The course discusses major methods and themes in:
- geoarchaeology and the development of landscapes
- the applications of soil micromorphology to paleosols and archaeological settlements
- zooarchaeological investigations, especially concerning food procurement and taphonomic aspects
- archaeobotany and the origins and spread of agriculture
- the isotopic analyses of human and animal material, to study palaeodiet and palaeoclimate
- chemical analyses of archaeological materials, including ceramic residue analyses
- the roles of ancient and modern archaeogenetic studies
Some cross-cutting themes that link the different analytical approaches include the exploitation of landscapes, agricultural beginnings and intensification, food resources, and the relationships of these to human settlement and landscape change. This course option is appropriate for both students with background in archaeological science and students new to the subject.
The structure of this MPhil follows the general structure of the MPhil in Archaeology. For their three modules, students take:
- Archaeological Science (G10), a seminar-based module which reviews fundamental concepts across a wide range of practices and methodologies in archaeological science. The module is assessed through an unseen examination (67%) and an essay of not more than 3000 words length (33%).
- Practical Application of Scientific Methods (G32), to be assessed through two written reports upon practical projects of not more than 4000 words length (50% each).
- Any other MPhil module within the Division of Archaeology, subject to the instructor's consent and the approval of the MPhil in Archaeology co-ordinator. This allows the student to choose from a wide range of courses, including methodological, other area or period based courses, and thematic courses in museums and heritage (see here for complete list of modules offered in the MPhil in Archaeology).
In addition, students take the Research Skills module and write a 15,000 word dissertation on a topic in Archaeological Science.

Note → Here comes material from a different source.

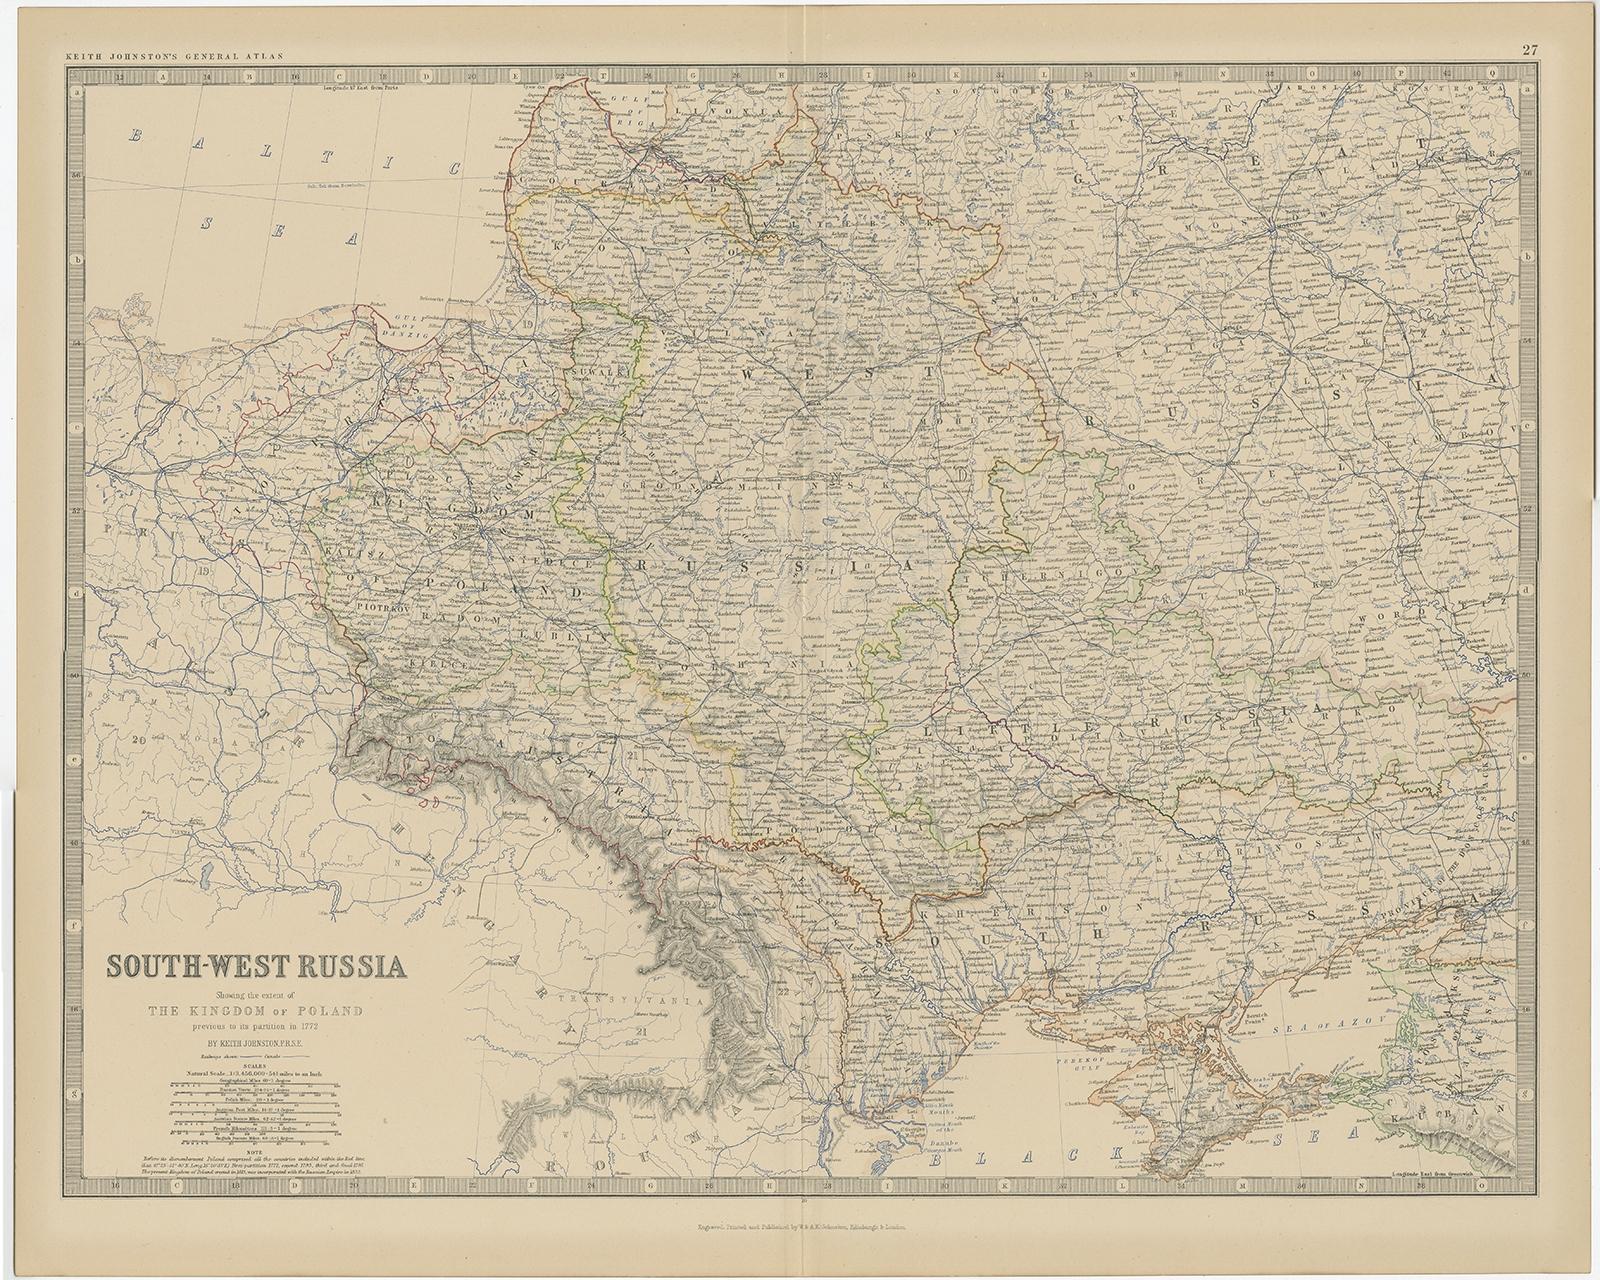 Antique map titled 'South-West Russia'.

Old map of southern Russia, also showing the extent of the Kingdom of Poland. This map originates from 'The Royal Atlas of Modern Geography, Exhibiting, in a Series of Entirely Original and Authentic Maps,

The dissertation offers a chance to undertake an independent, original research project under the guidance of academic staff; some are based on laboratory analyses, fieldwork or studies of museum collections, others on analysis of existing databases or published literature.
Recent MPhil Dissertations
Some recent MPhil dissertations and project topics in Archaeological Science include:
- The recognition of agriculture in soils on different geologies
- The micromorphological and geochemical analysis of floor deposits from a Viking period settlement in western Scotland
- Avifaunal remains from Pupicina Pec, Croatia
- Plant macrofossils and charcoal from middle Upper Palaeolithic sites in the Czech Republic
- Isotopic analysis of Epipalaeolithic subsistence and mobility strategies in Jordan
This MPhil option also has a number of field trips to archaeological sites and landscapes in Cambridgeshire and sometimes offers the possibility of field trips to sites further afield such as Stonehenge and Avebury.